Tessa Wong, Product Specialist, Allianz Global Investors
Tessa Wong is a Hong Kong-based product specialist with Allianz Global Investors. She joined the firm in 2017 and specializes in Greater China equity and Asian income strategies. During the past three years she successfully led the development of Asia and China Income franchise, and contributed significantly to the growth of China A / All China strategies. Her client coverage includes private banking, retail banking and insurance clients. Before joining Allianz Global Investors, Tessa worked previously at Citi and JP Morgan private bank, where she worked as product manager overseeing the entire fund platform ranging from fixed income, multi asset to equity strategies.

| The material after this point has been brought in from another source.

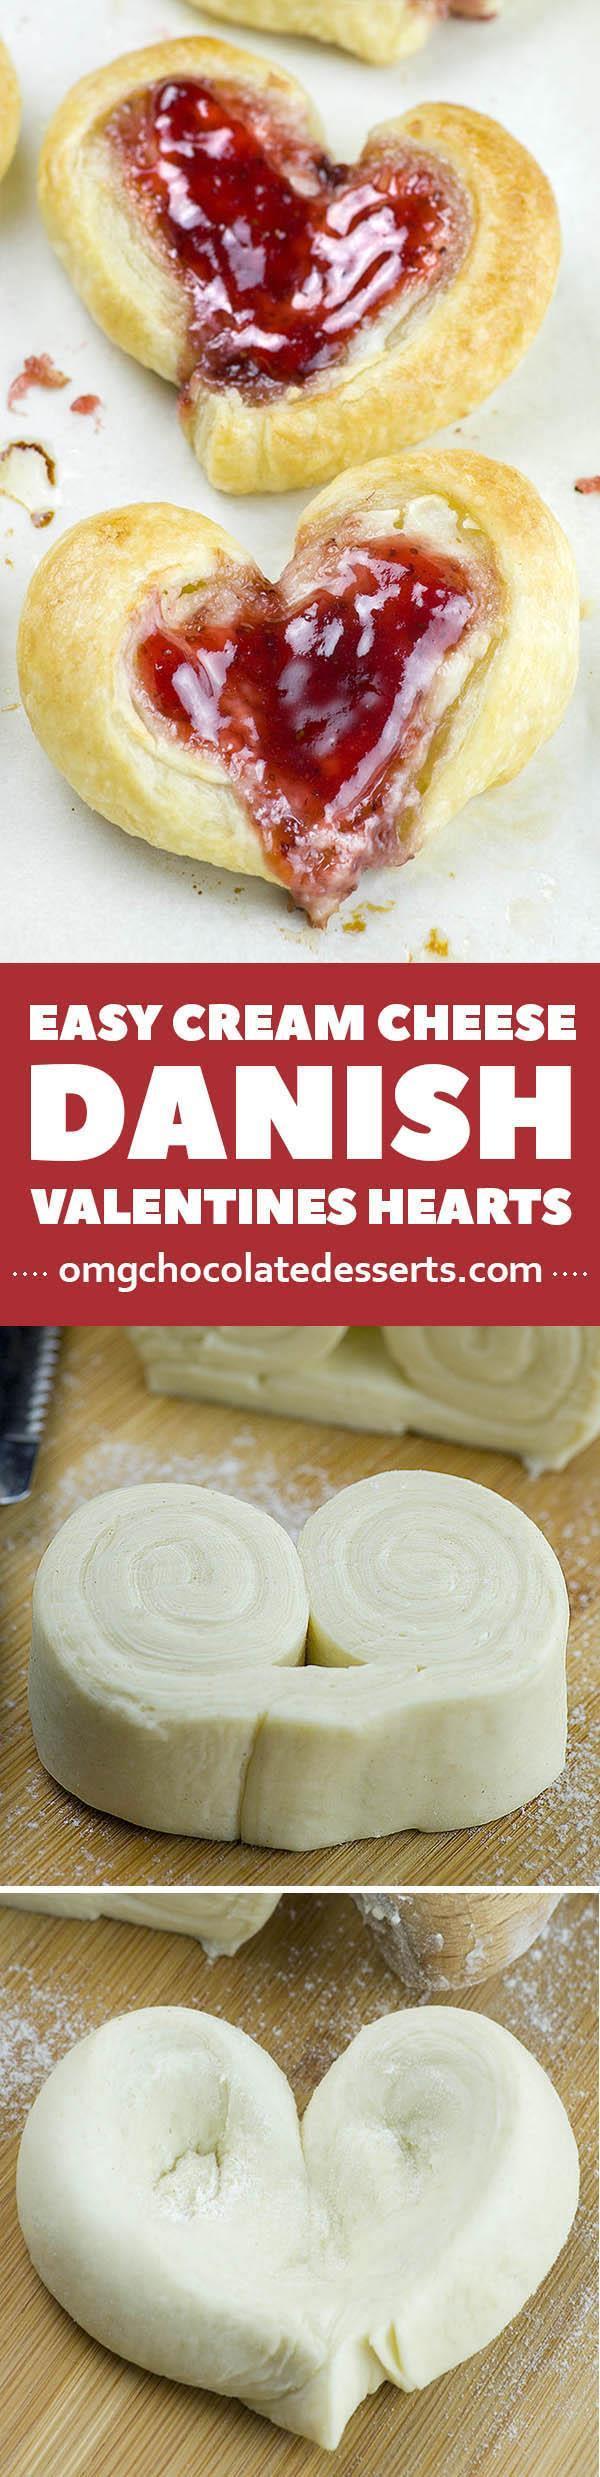 These adorable Easy Cream Cheese Danish Valentine's Hearts are perfect Valentines breakfast idea.

Tessa has a B.S.Sc in Economics and minor in Finance from the Chinese University of Hong Kong and is also a CFA Charterholder.
Ben Sheehan, Senior Investment Specialist, Aberdeen Standard Investments
Ben Sheehan is Senior Investment Specialist, Equities at Aberdeen Standard Investments, based in Hong Kong. He is responsible for working closely with the Asia Pacific equities and distribution teams to ensure investment knowledge transfer internally and externally, and help drive the firm’s commercial strategy.
Prior to joining Aberdeen Standard Investments in 2019, Ben worked at HSBC Global Asset Management in Hong Kong for 12 years in a various roles including senior specialist and research roles, most recently as Senior Product Specialist for Asian Equities. He also worked for Standard & Poor's and Aviva in Research roles. He has 19 years of industry experience and holds a BA (Indonesian) and BCom (Finance).